Characteristics of a Biblical Church Plant

What is a church according to the Bible? A biblical church includes several key elements. First, the church must be formed of born-again believers who commit to one another as members of the Body of Christ and recognize themselves as a church (Matt. 18:15-17, Acts, 2:42, 1 Cor. 12:14-26, Eph. 4:15-16, Heb. 10:24-25). Second, the church expresses this commitment, in part, through the right administration of the ordinances—baptism and the Lord’s Supper. These symbols function like wedding rings in a marriage. Baptism represents the entry point into the visible, local Body of Christ. By receiving baptism, the believer says, “I identify with Jesus and his people!”(Rom. 6:3-5). By conferring baptism, the church affirms the believer’s confession as authentic and takes on the responsibility of caring for the new member (Matt. 18:18-20, 28:18-20). In the Lord’s Supper, these commitments of the individual believer to the church and vice versa are continually renewed (1 Cor. 10:16-17, 11:17-34).

Third, the church must proclaim the true gospel and uphold the right preaching and teaching of the Word of God (Rom. 10:14-17, Gal 1:6-9). The message of Christ’s life, death, and resurrection is the foundation of the church’s life and mission. Without this central proclamation, a gathering of people cannot be called a biblical church.[2] Biblical preaching and teaching shapes the church’s doctrine and practice, guiding believers toward faithful living as disciples of Jesus.
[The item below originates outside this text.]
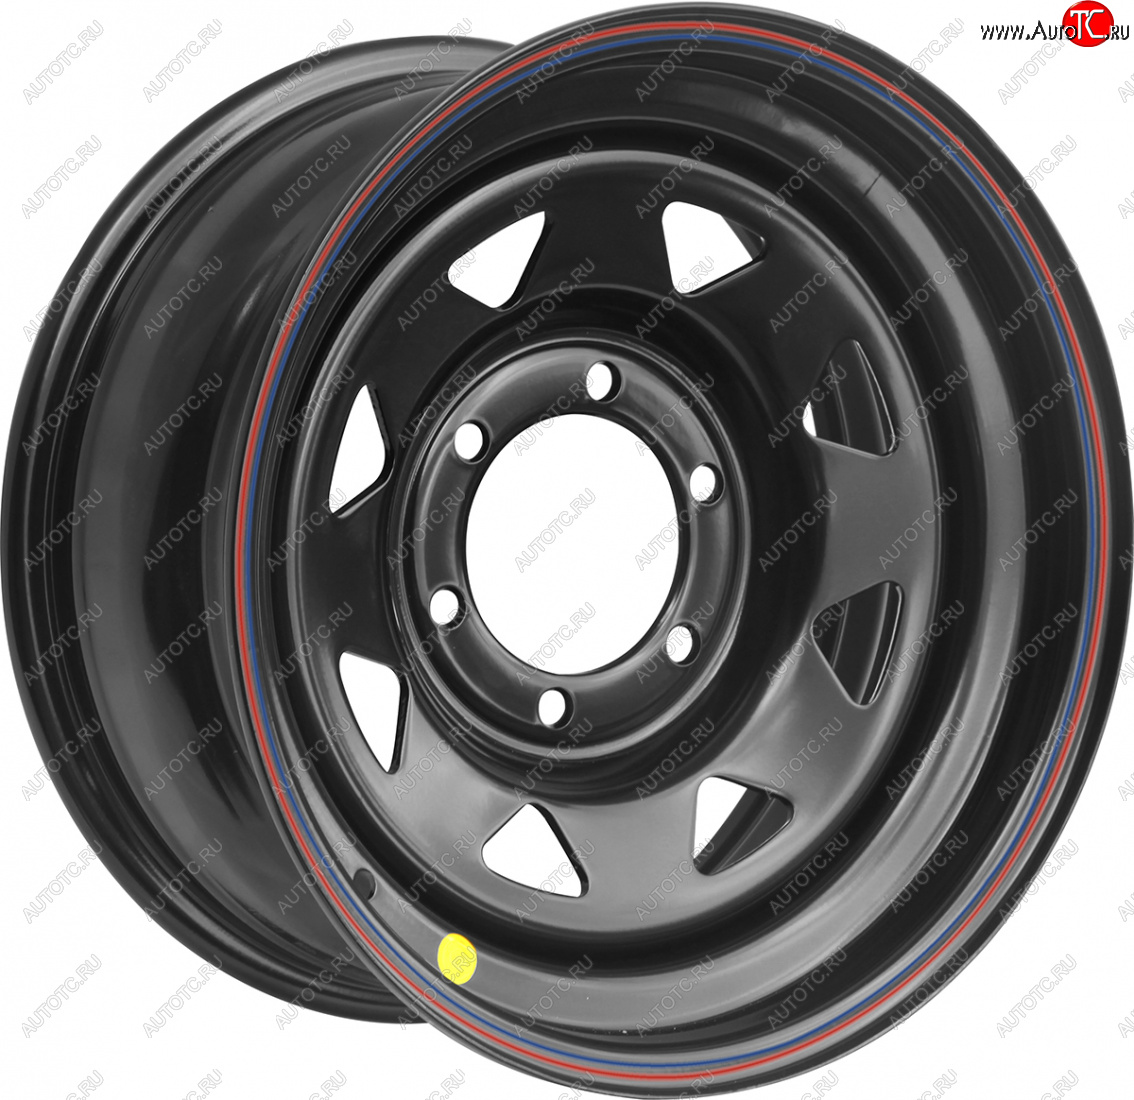 4 399 р. Штампованый диск OFF-ROAD Wheels (стальной усиленный, треугольник мелкий - черный). 7.0 x 16 Chevrolet Malibu 8 (2013-2015) 5x110.0xDIA110.0xET0.0

These are the essential elements of a church, but they amount to a minimalist definition. Missionaries, churches, and church leaders must refuse to settle for this bare minimum. The apostles did not settle for it. The balance of the New Testament, from the epistles to the opening chapters of Revelation, testifies to the apostles’ longing to see the churches they had planted attain the fullness of spiritual health—being led by faithful and qualified elders and deacons, guarding the gospel and the church’s doctrine, exercising discipline, abiding in prayer, caring for one another, and engaging in mission. Likewise, missionaries today should cultivate a desire to mature into all the blessings of a healthy church in the congregations they plant.

Key Concerns in Church Planting

1. Speed vs. Health

Sometimes, valuing biblical church health seems to work against speed and the urgency of the missionary task. It would be quicker and easier to artificially limit the size of a church to a believing husband, wife, and their teenage son to avoid getting bogged down in the complications that come with a larger body, enabling the church to reproduce more quickly. While two or three are all that are necessary for a church (Matt. 18:20), this assumes a lean, underfed church will run further and faster than a well-fed one. Church planting would be quicker and easier if we trained an army of new believers with basic skills to become church planters and offered them financial incentives to plant churches. But how would we know if these leaders were truly biblically qualified for such work without taking time to observe their growth and faithfulness?

Consider specifically the importance of developing leaders for church planting. When our family served as missionaries in Central Asia for most of a decade, I gave much—perhaps even most—of my attention to leadership development. In our Muslim context, it was not uncommon to see up to three-fourths of those who professed faith and even many who had been discipled for long periods turn away from the faith, often buckling under the weight of persecution and social pressure. It often felt in our experience that Jesus’ parable of the sower and the soils got the ratio exactly right! Leadership development could be equally challenging. A national partner and I spent nearly two years investing in one brother who showed great promise to serve as an elder or a church planter. Out of nowhere, this brother had a psychological break during which he chased me and my national partner down the street, hurling large rocks past our heads. Many more of our efforts to train leaders ended with similar disappointment.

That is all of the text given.